MVC 6 View Components vs. Partial Views: What is the difference? When should each be used?
According to this link- https://docs.asp.net/en/latest/mvc/views/view-components
New to ASP.NET MVC 6, view components (VCs) are similar to partial views, but they are much more powerful. VCs include the same separation-of-concerns and testability benefits found between a controller and view. You can think of a VC as a mini-controller—it’s responsible for rendering a chunk rather than a whole response.
So it just a enhancement of partial view and another difference is when you use partial view you still have dependency on controller while in View Component you don't need a controller. So there is a separation of concern.
There is a detail post for ASP.NET View Components. http://www.tugberkugurlu.com/archive/exciting-things-about-asp-net-vnext-series-mvc-view-components
An example where you might want to use a ViewComponent
as opposed to a PartialView
:
You need to write a bunch of business logic where for example you might need to contact a 3rd party web service and get the data and do something with it and then display this information.
For the above scenario, sure you could write C# code in the partial view itself, but its ugly and also you want the code to be testable.
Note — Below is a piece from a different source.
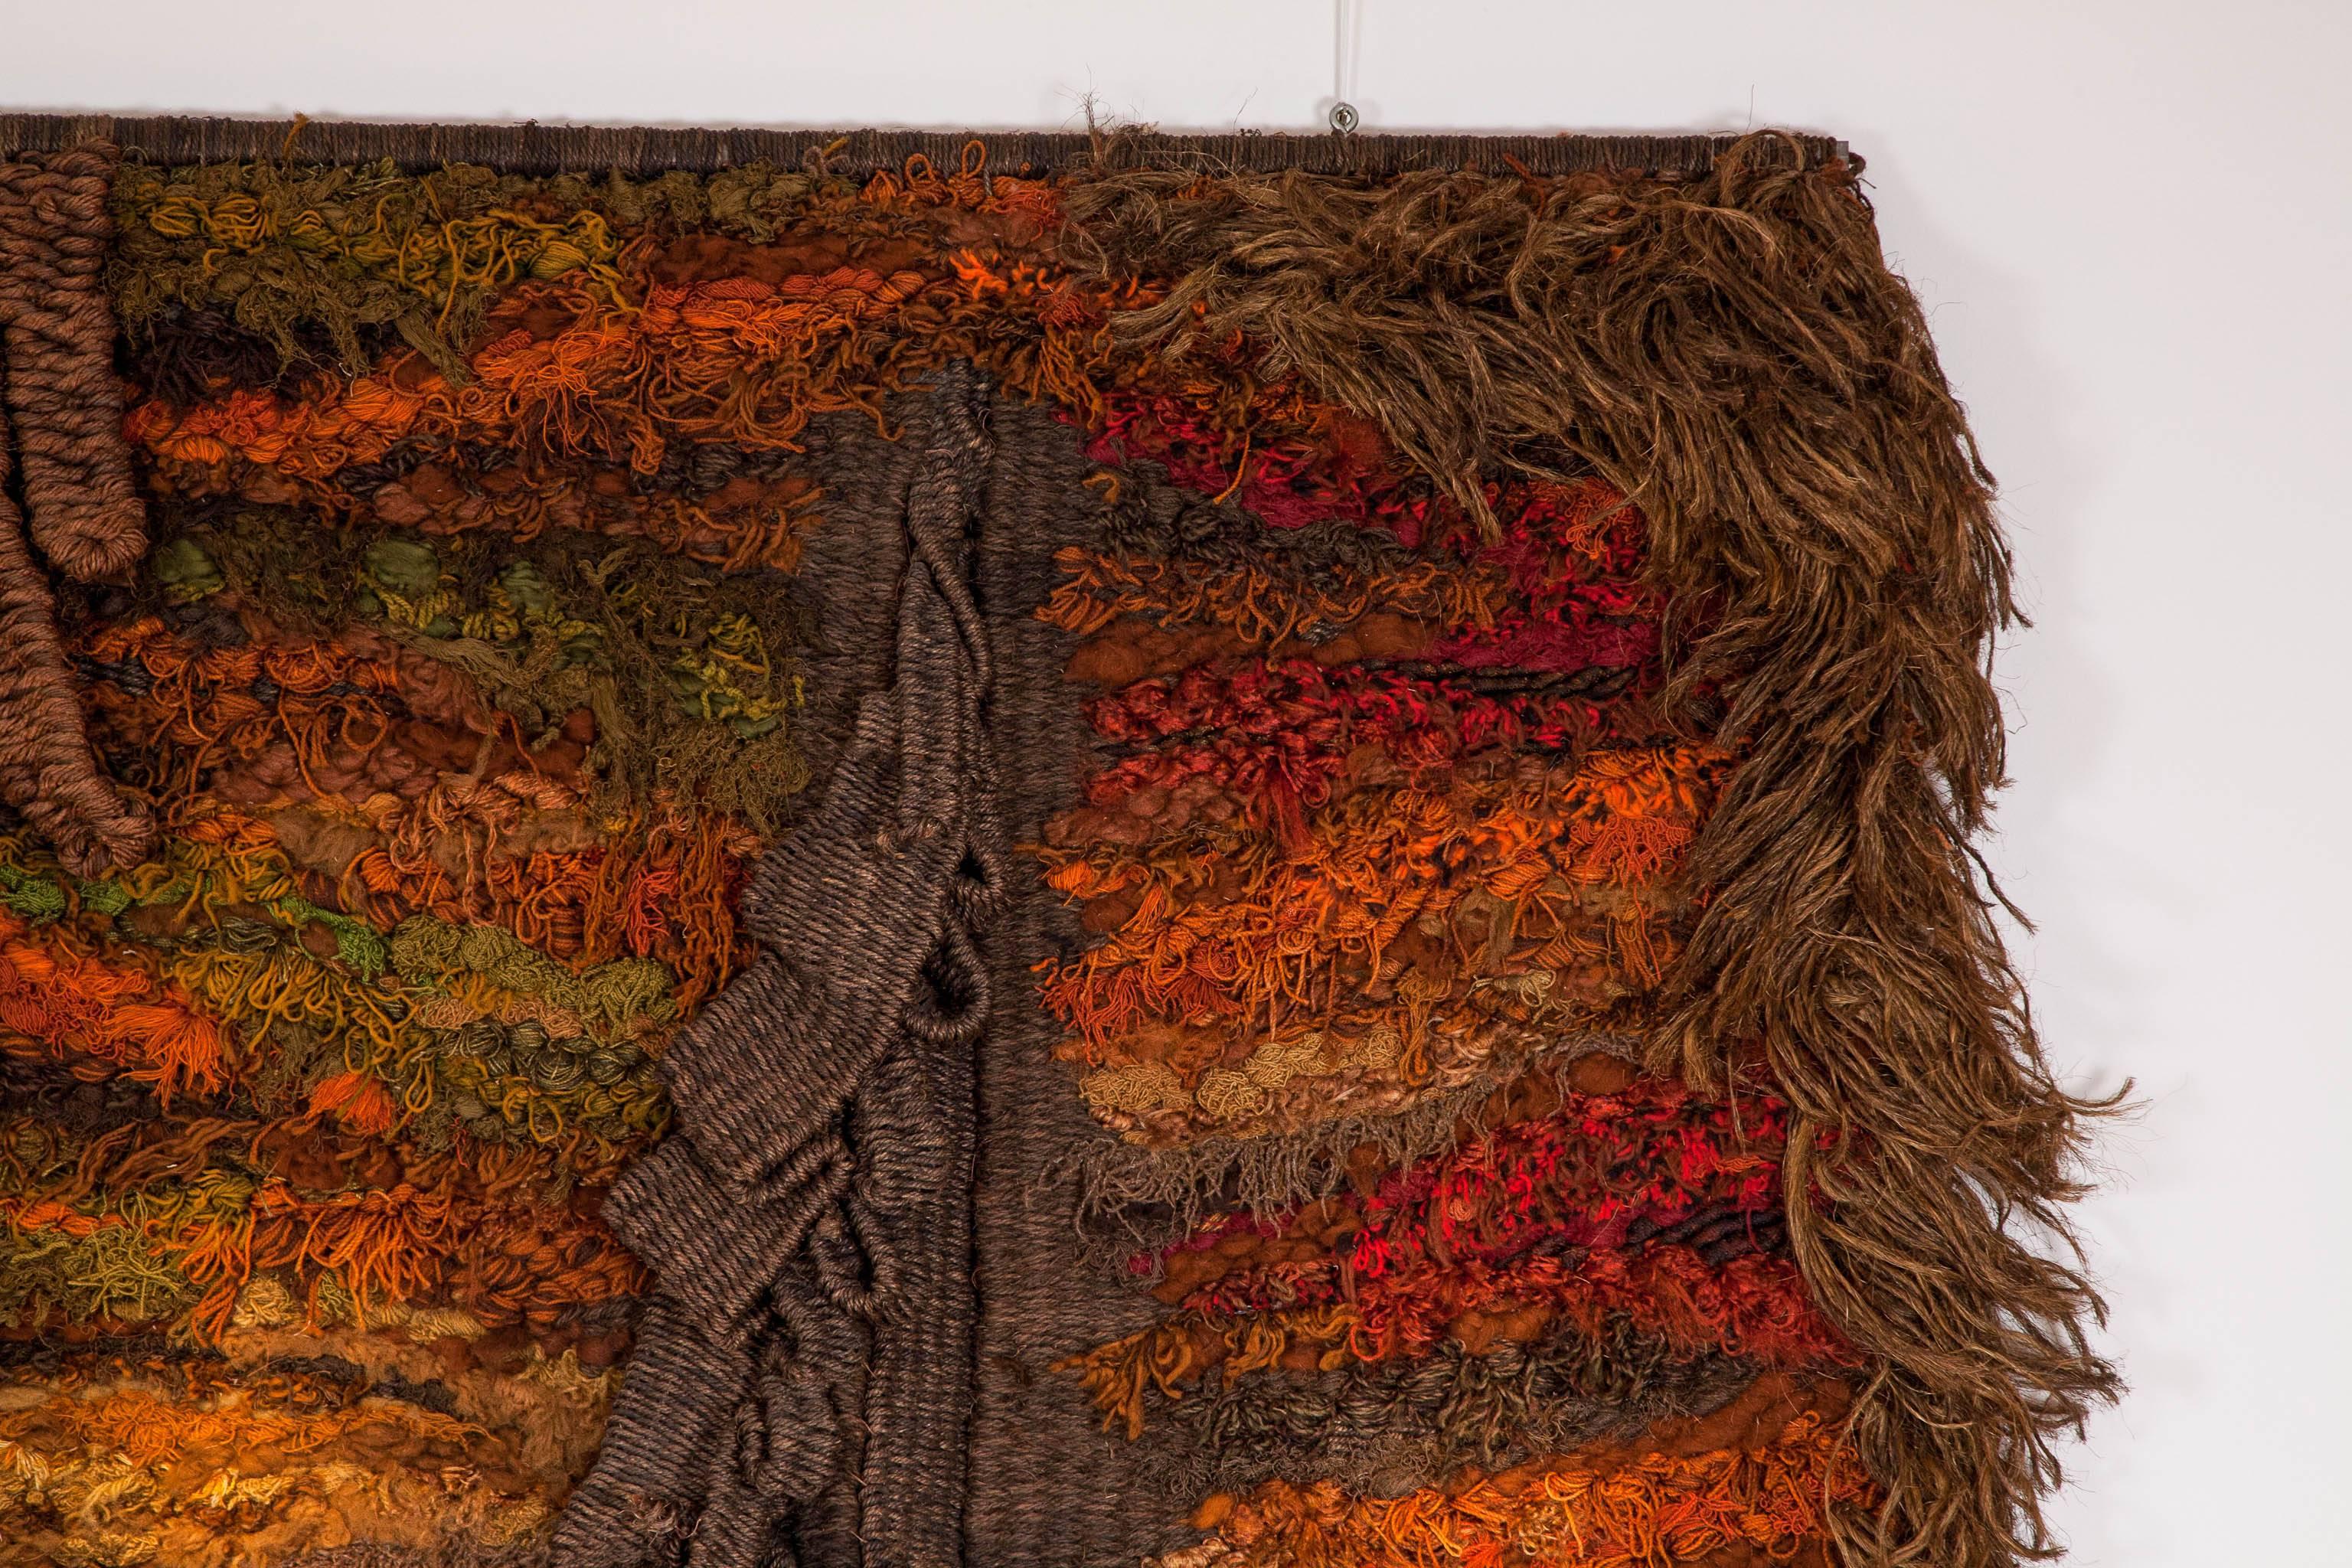 'Noyau' (Nucleus) tapestry by Veerle Dupont (b. 1942, Belgian), 1979.
Mixed natural fibres are woven in abstract, sculptural design. Various weaving techniques were employed to enhance the effects of the different materials, resulting in a unique

So this is where a view component can be useful, i.e you can write all your business logic within a view component and return a view (this is of type ViewViewComponentResult
).
View components are NOT the same as child actions.
ViewComponent
s are also used when you need a partial view, that requires a model to be called in _Layout. To avoid writing C# code to create the model in the Layout, it's best to use a ViewComponent
that can make use of the Services configured for the application, same as controllers, through dependency injection.